UCSC-LoweLab / tRAX

tRNA Analysis of eXpression
GNU General Public License v3.0
9 stars 5 forks source link

Poor mapping of Cozen data using pipeline #5

Closed emm13 closed 3 years ago

emm13 commented 4 years ago

Dear Andrew,

This one is a weird one. I have been using your pipeline to run samples within the lab. I wanted to see how these compare to your published samples in the Cozen/Lowe paper from 2015 in terms of mappability.

I've downloaded these samples from using this accession in the Sequence read archive SRP056032. I assume these are already processed by SeqPrep as they look like they have been so I thought I'd start with alignments. I chose one WT (SRR1909121.fastq) and one AlkB treated sample (SRR1909118.fastq) and have set up an hg19 database as recommended in the paper.
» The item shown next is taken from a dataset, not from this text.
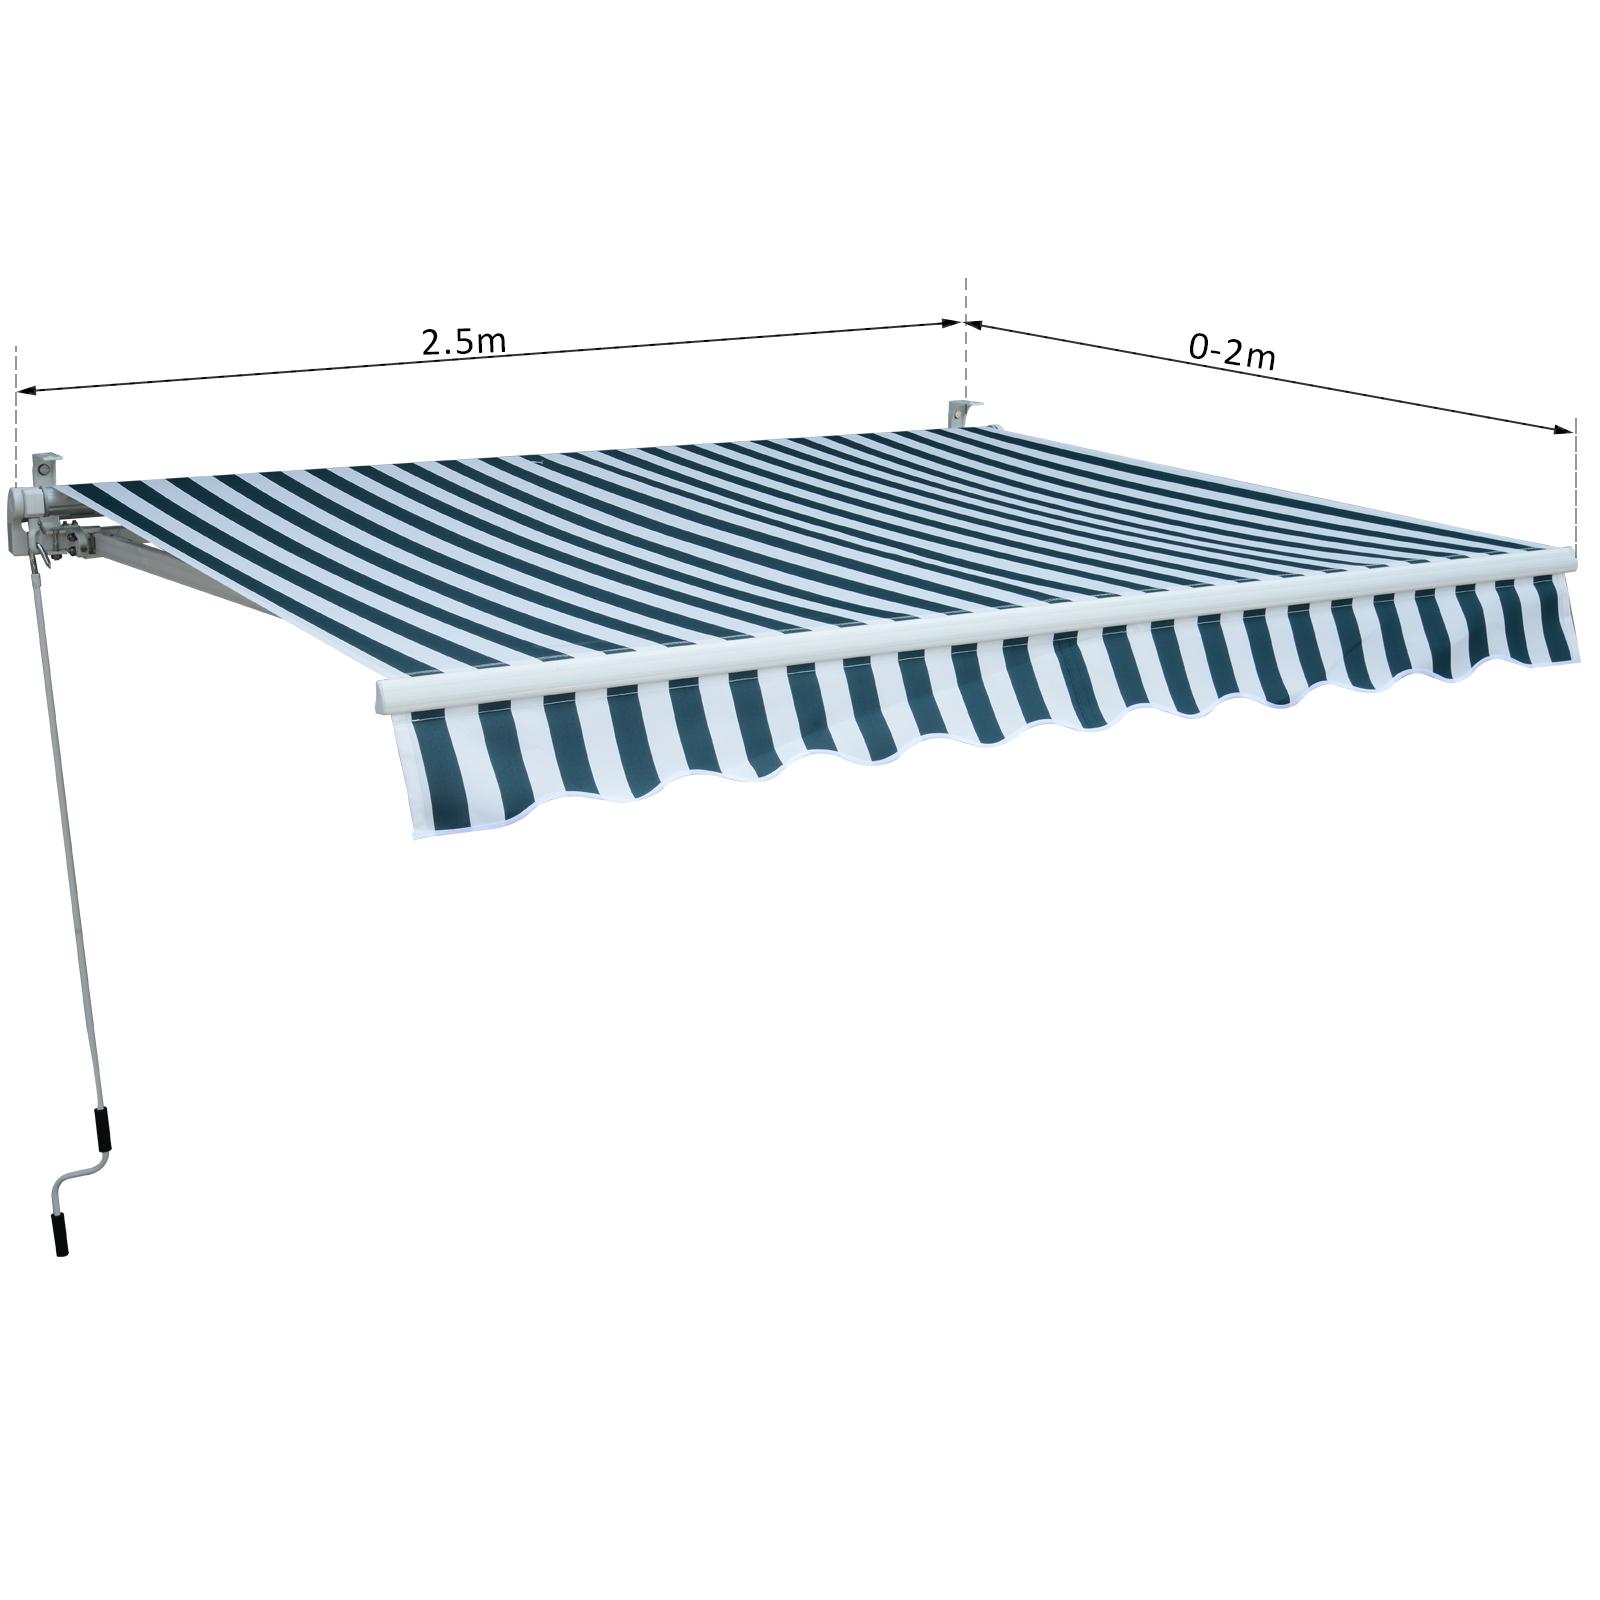 Garden-Patio-Manual-Awning-Canopy-Sun-Shade-Shelter-Retractable-4-Size-5-Colour thumbnail 21

Command for the AlkB sample is below bowtie2 -x ./hg19-tRNA-db-tRNAgenome -k 100 --very-sensitive --ignore-quals --np 5 --reorder -p 4 -U ./SRR1909118.fastq | ~/00_Software/ARM-Seq/choosemappings.py ./hg19-tRNA-db-trnatable.txt --progname=TRAX --fqname=./SRR1909118.fastq --expname=./samples.txt | samtools sort -T /tmp/GM05372_AlkB_3temp - -o ./BAM/GM05372_AlkB_3.bam

However, the output of this is very strange with hardly any reads aligning (.13-.16%, see below). I feel like I'm missing a trick somewhere - bowtie settings or genome build or fastq files perhaps ?

1241629 reads; of these: 1241629 (100.00%) were unpaired; of these: 1240013 (99.87%) aligned 0 times 1506 (0.12%) aligned exactly 1 time 110 (0.01%) aligned >1 times 0.13% overall alignment rate tRNA Reads with multiple transcripts:0/0 tRNA Reads with multiple anticodons:0/0 tRNA Reads with multiple aminos:0/0 Mappings Removed:417/2459

1300266 reads; of these: 1300266 (100.00%) were unpaired; of these: 1298183 (99.84%) aligned 0 times 1898 (0.15%) aligned exactly 1 time 185 (0.01%) aligned >1 times 0.16% overall alignment rate tRNA Reads with multiple transcripts:0/0 tRNA Reads with multiple anticodons:0/0 tRNA Reads with multiple aminos:0/0 Mappings Removed:502/3090

If you have any suggestions as to what might be the reason for it, please do let me know.

Kind regards, M

andrewdholmes commented 4 years ago

I believe that the ARMSeq data on the SRA has not adapter trimmed, you're going to need to remove them before mapping. We prefer submitting untrimmed reads because the adapter trimming throws some out.

Andrew Holmes

On Fri, Dec 6, 2019 at 7:15 AM Emm13 notifications@github.com wrote:

Dear Andrew,

This one is a weird one. I have been using your pipeline to run samples within the lab. I wanted to see how these compare to your published samples in the Cozen/Lowe paper from 2015 in terms of mappability.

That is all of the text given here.